A dedicated fund (BrickX Platform Code: HPF01 or “Hearth Property Fund”) has been structured and offered through the BrickX fractional platform has the following attributes:
- acquires properties tailored for SIL occupancy,
- contracts with an experienced provider (Hearth) to manage tenancy matching and home supports, and
- hold properties in a trust where investors buy Bricks (fractional units).
This model combines operator expertise (housing and supports) with BrickX platform disclosure and access.
Readers should read the BrickX Additional Disclosure Document or PDS relating to the current HPF01 offering to verify details, fee structures and risk factors.
Key risks (be clear-eyed)
- Concentration & liquidity risk: fractional Bricks are tradable on the BrickX platform but liquidity varies. Individual trusts may concentrate in a single asset or niche tenant profile.
- Policy / funding risk: NDIS funding or SIL guidelines can change; that affects tenant eligibility and supported-housing demand. Keep abreast of the NDIS guidance for home & living supports.
- Operational risk: specialist housing requires strong property management and compatible tenant matching — choose funds with credible operators (e.g., Hearth) and check track records.
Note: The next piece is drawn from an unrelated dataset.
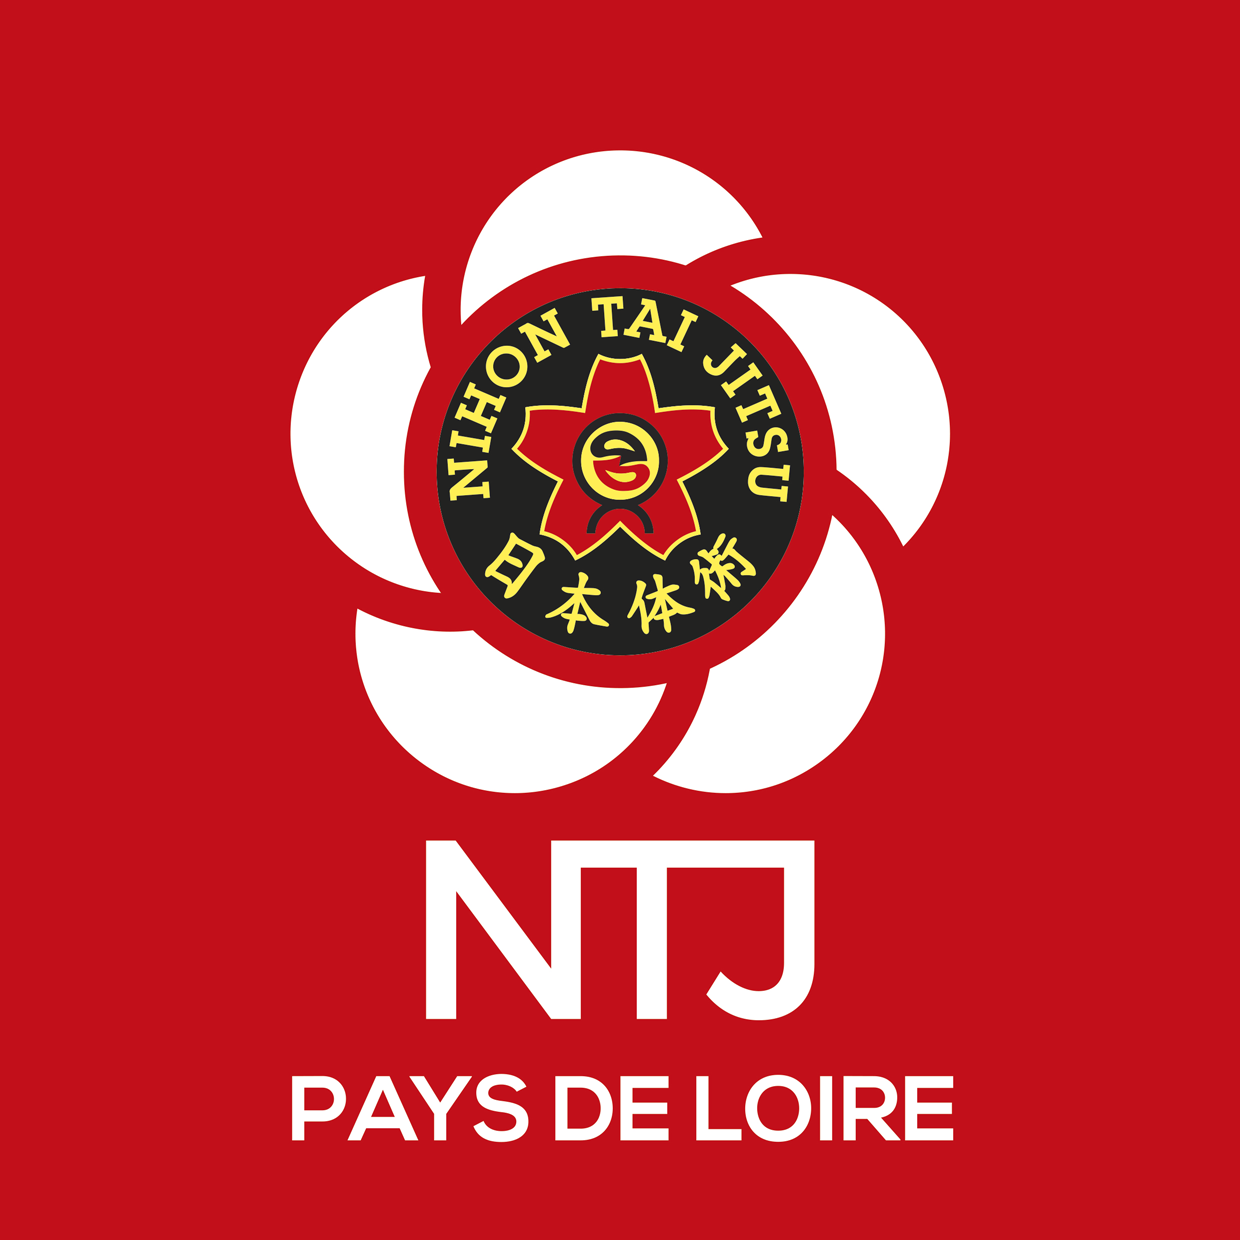 NTJ region PAYS DE LOIRE logo rvb
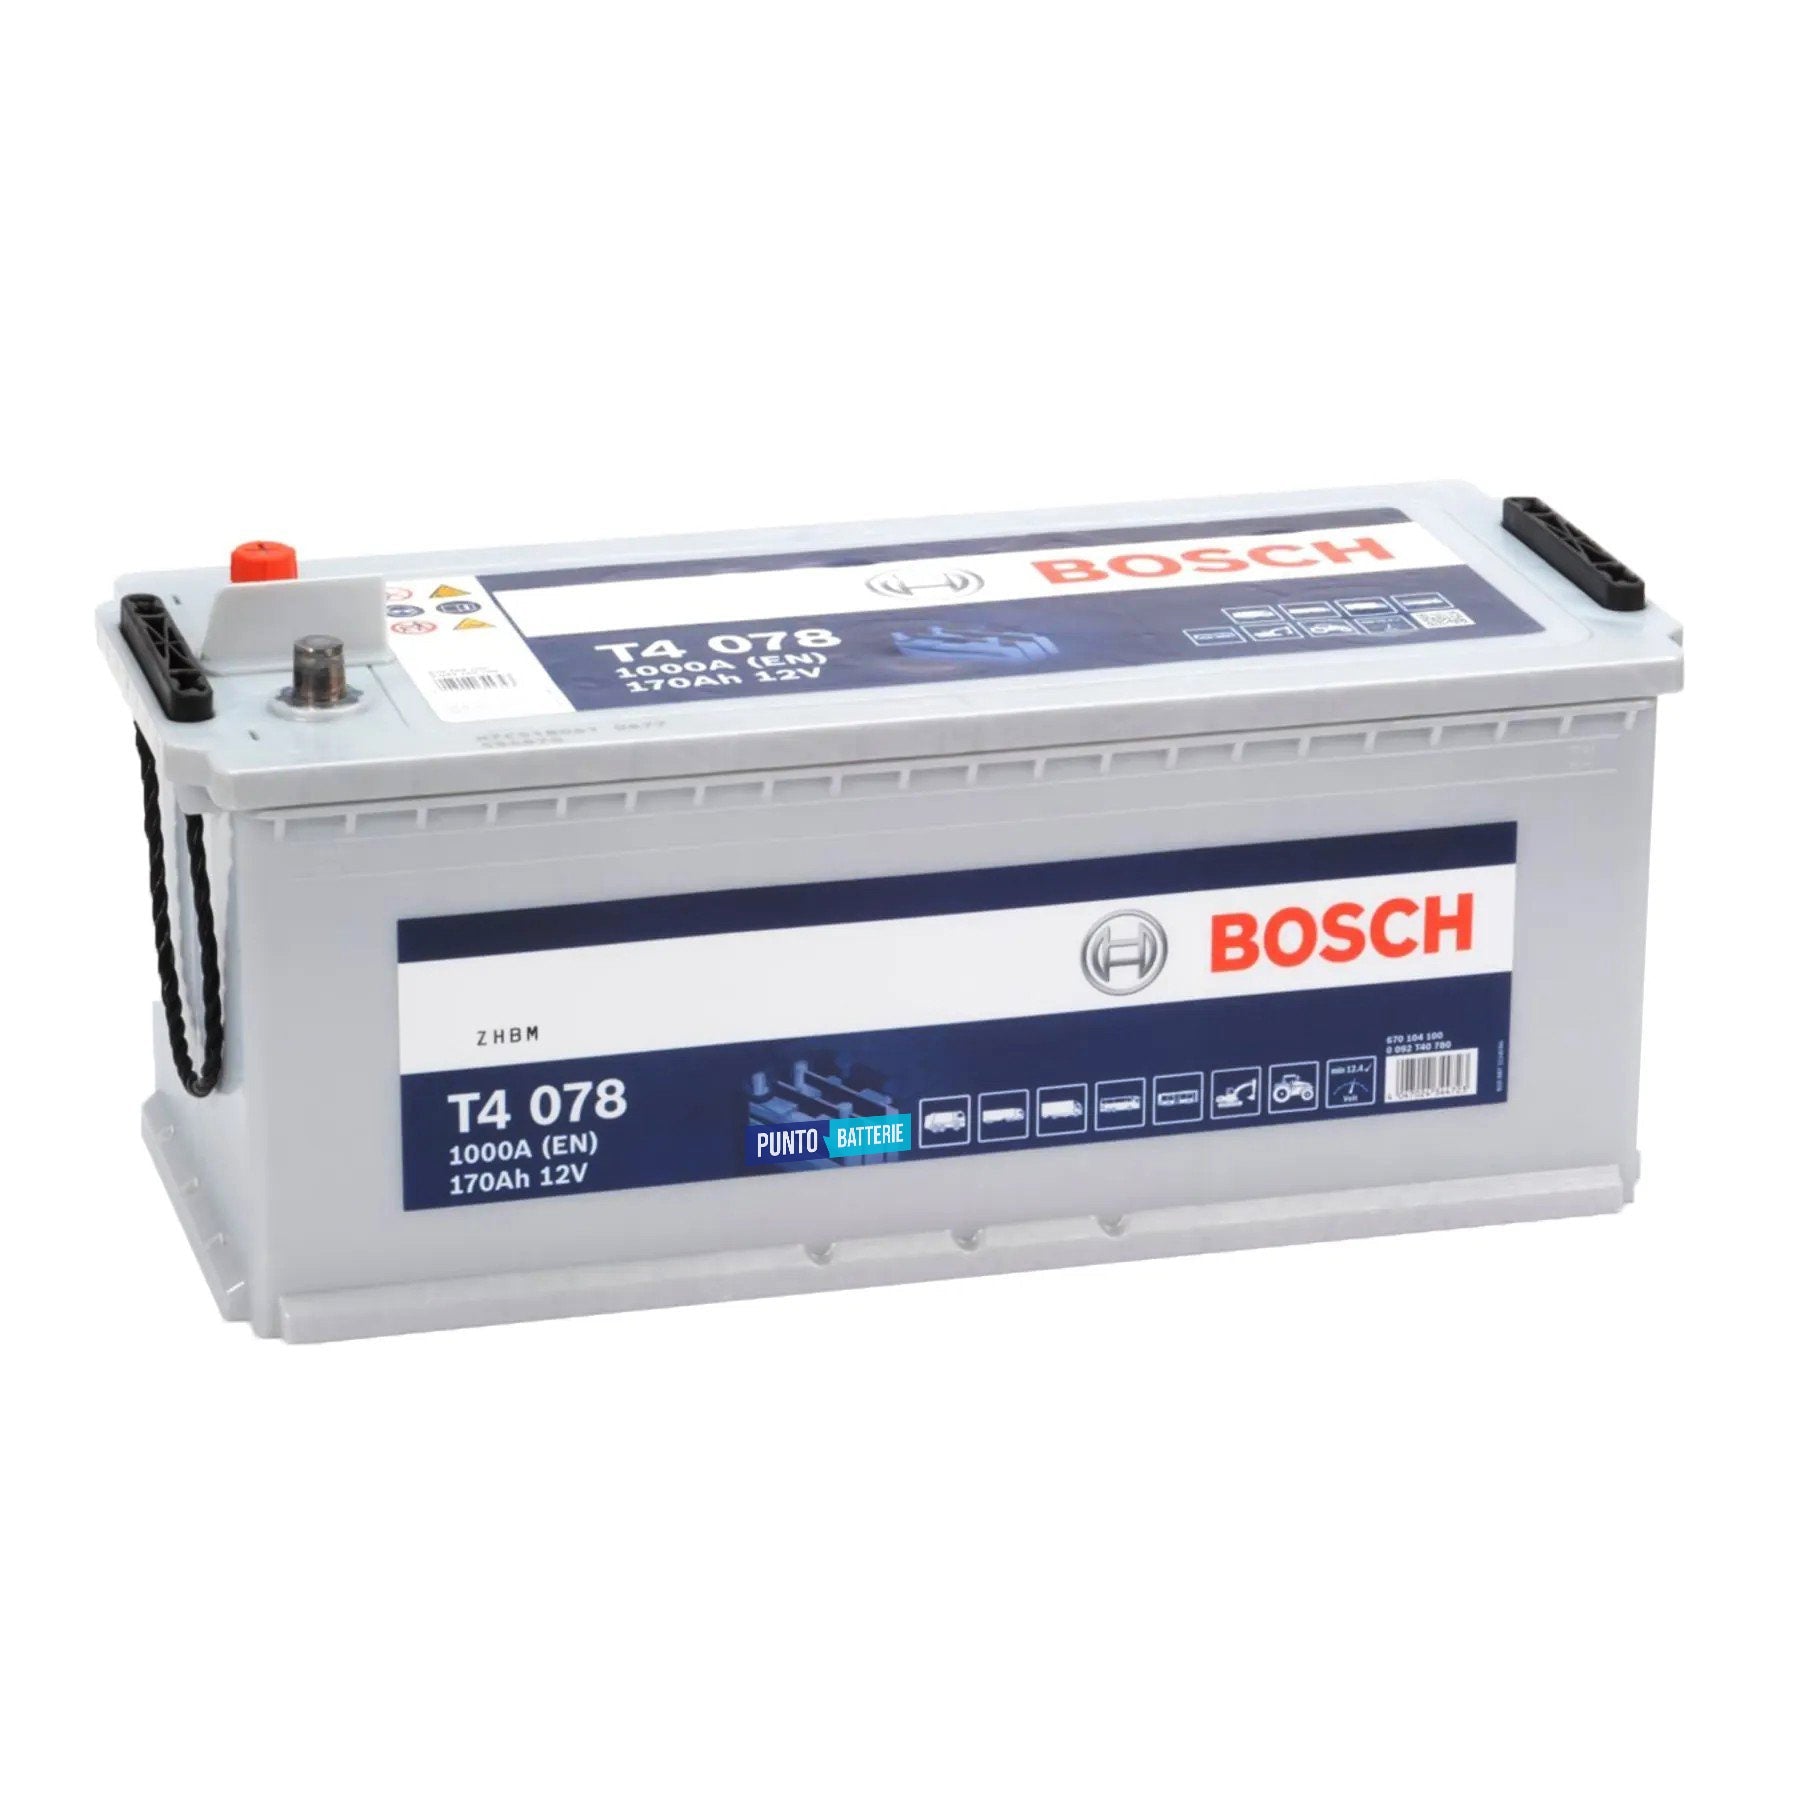 Batteria originale Bosch T4 T5078, dimensioni 513 x 223 x 223, polo positivo a sinistra, 12 volt, 170 amperora, 1000 ampere. Batteria per camion e veicoli pesanti.

- Market & property risk: standard property market risks (value fluctuations, rental vacancies, interest rates) still apply. Read the PDS and RG46/loan details for debt and covenant exposures.
Due diligence checklist (before you buy bricks in a social-impact property fund)
- Read the Additional Disclosure Document and PDS for the specific BrickX trust. Look for rent methodology, debt facilities, LVR and covenants.
- Examine the tenant / income model — is the property intended for SIL tenants under NDIS? How are leases or funding arrangements structured?
- Assess the operator — does the manager (e.g., Hearth) have an established track record in SIL housing and tenant support?
- Check tradability & secondary market on the platform — what is the historic liquidity for similar Bricks?
- Understand fees & tax implications — platform fees, trust expenses, and tax treatment differ depending on personal circumstances. Consult a financial adviser if unsure.
Final thoughts — impact + prudence
Fractional investment platforms like BrickX can democratise access to property assets that create real social value — including the specialist housing needed by many NDIS participants.
Opportunities to partner with experienced providers such as Hearth offer a practical route for investors to support SIL housing while participating in property returns. That said, social-impact property investing still demands the same careful due diligence you’d apply to any property investment: read the PDS, understand the income model, weigh policy and operational risks, and diversify.